Mais peu importe puisque du temps, Louis, il en a. Une tournure d’esprit qu’il est sans doute plus facile à adopter quand on représente la 15ème génération de vignerons. Mais l’héritage peut être un lourd fardeau. Pourtant, Louis est parvenu à le cultiver, à le chérir même, sans jamais se laisser écraser par le poids des traditions ni avoir peur des idées neuves. Son père était déjà convaincu de l’intérêt de la viticulture biologique. Il s’agissait d’une conviction sans arrière-pensée mercantile puisqu’il vendait son Gigondas en tonneaux, à des négociants. Le fils poursuit cette démarche, sans label, pensant qu’il est inutile d’afficher sur l’étiquette des pratiques qui lui semblent aller d’elles-mêmes. Mais les temps changent, l’exigence écologique progresse et de plus en plus de domaines revendiquent une agriculture « raisonnée », terme non défini par la loi qui recouvre des réalités très différentes. Refuser les contrôles d’un organisme certificateur revient à couvrir les pratiques des faiseurs de vins les moins scrupuleux, les green washers dont seul le discours a verdi. Louis obtient la certification AB en 2009.

Comme quoi, on peut être un vigneron du temps long et de son temps. 

Sources

Histoire de la vigne et du vin en France. Des origines au XIXème siècle, Roger Dion, C.n.r.s. édition, 2010 (réédition). 

Atlas historique du vin en France – De l’Antiquité à nos jours, Matthieu Lecoutre, éditions autrement, 2019. 

Gigondas : Ses vins, sa terre, ses hommes, ouvrage collectif écrit par Georges Truc, Jean-Baptiste Amadieu et John Livingstone-Learmonth, Véronique Raisin et Louis Barruol, Bottin Gourmand, 2012.

Château de Saint Cosme

126 route des Florêts

84190 Gigondas

www.saintcosme.com

Restaurant Le Sot l’y Laisse

70, rue Alexandre-Dumas

Paris, 75011

+33 1 40 09 79 20

Déguster les vins du Poste à Paris

La Cave du Château, 31 Avenue Franklin Delano Roosevelt, 75008 Paris

Le restaurant coréen WOO JUNG, 8 Boulevard Delessert, 75016 Paris, collectionne les millésimes depuis plus de 15 ans.

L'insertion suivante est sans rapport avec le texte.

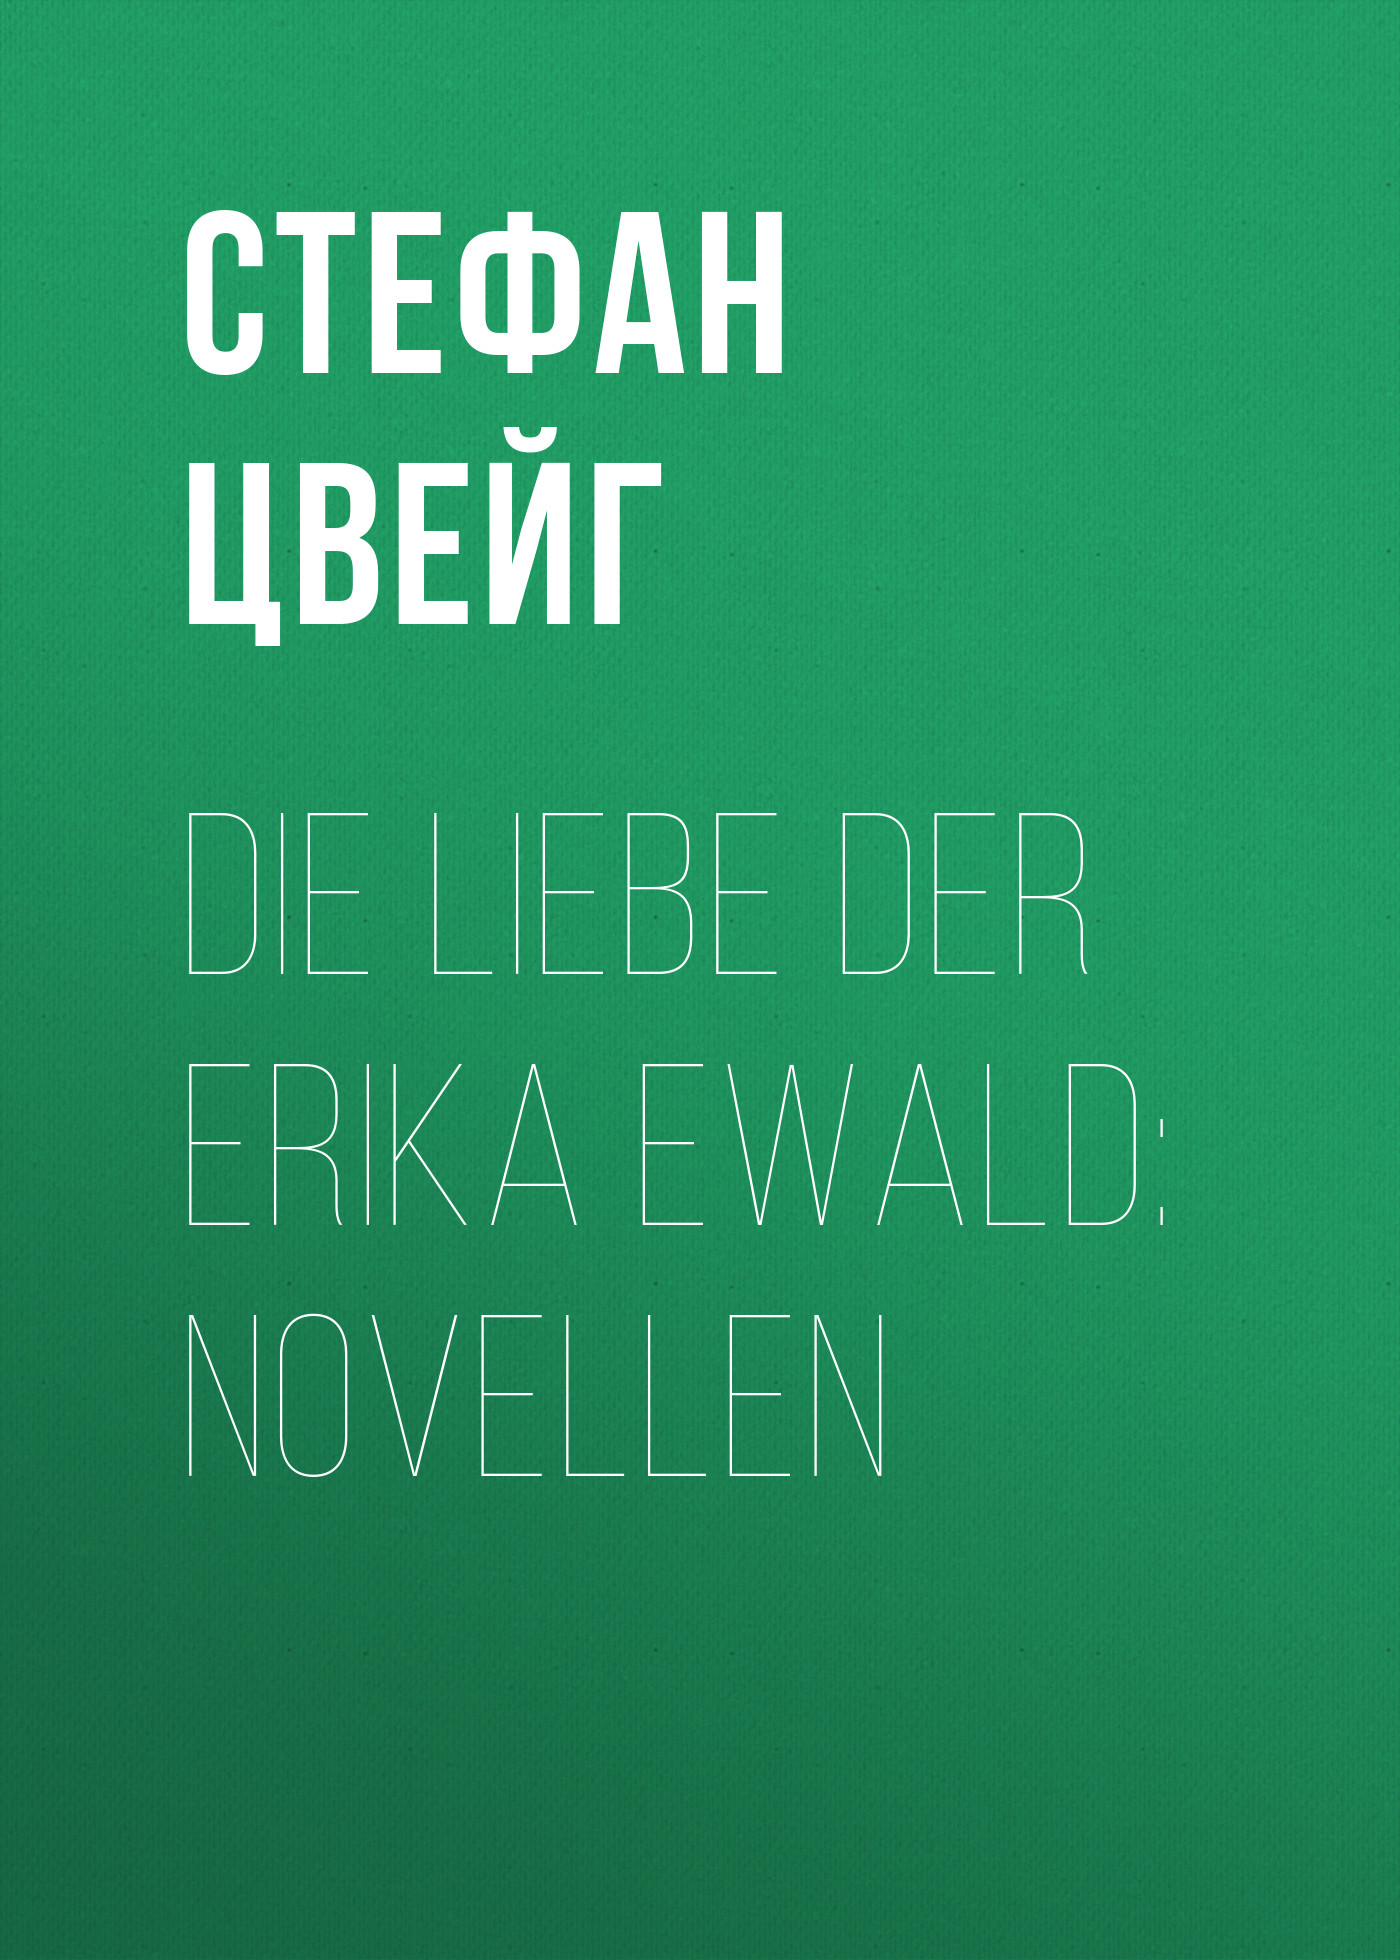 Книга Die Liebe der Erika Ewald из серии , созданная Stefan Zweig, может относится к жанру Зарубежная классика, Зарубежная старинная литература. Стоимость электронной книги Die Liebe der Erika Ewald с идентификатором 36324084 составляет 0 руб.
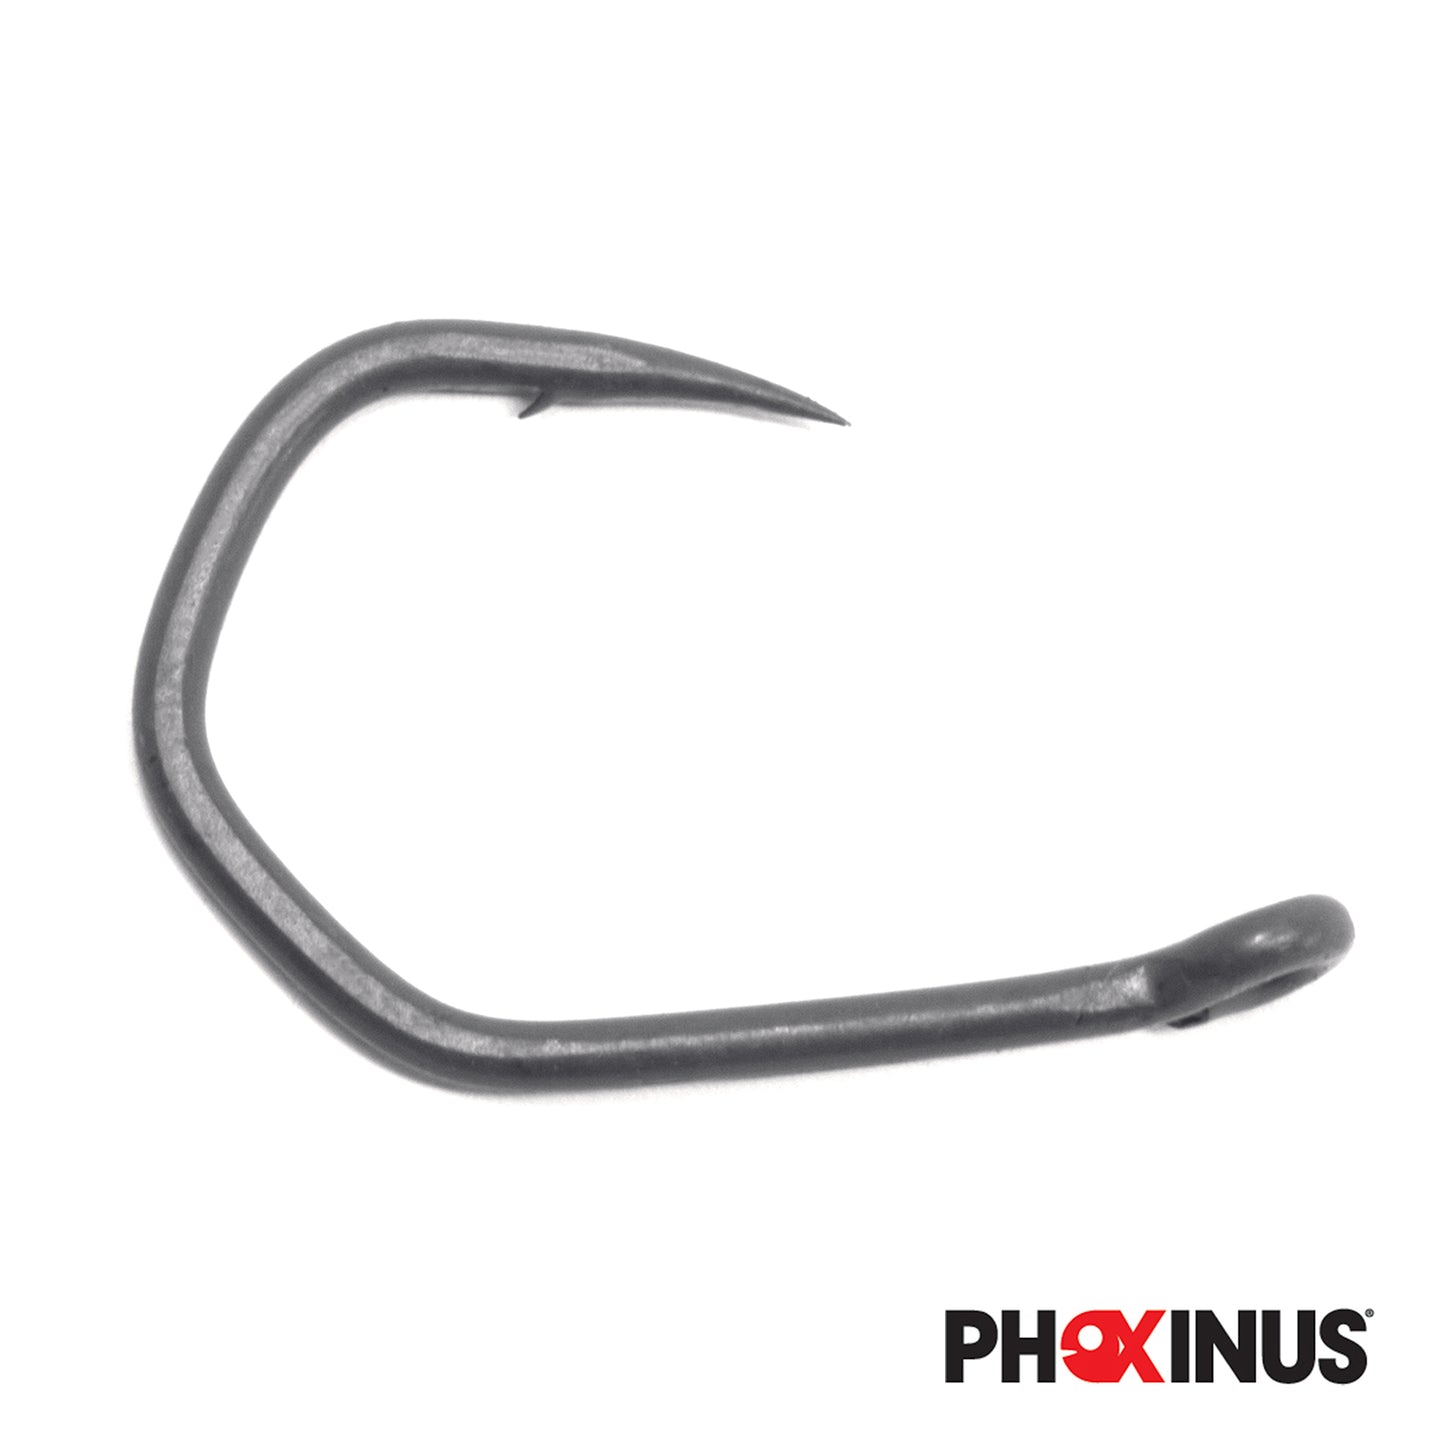 Phoxinus Katana Claw Hooks - Teflon coated carp hooks for big fish

[1] En 1120, l’évêque de Vaison lègue un terrain contenant une vigne sur le territoire de la commune. Mais la culture de la vigne est bien plus ancienne encore que cela à Gigondas : elle remonte à l’Antiquité. Et c’est à Saint-Cosme que l’on en trouve les premières traces avec des cuves taillées dans le roc qui ont servi à la conservation du vin.

[2] Appelé claret en anglais, il s’agit d’un vin obtenu par foulage de raisins blancs ou noirs. Le moût est juste laissé en contact avec la rafle et la peau pour lui donner une couleur rouge pâle. La fermention est très rapide et le temps de garde limité.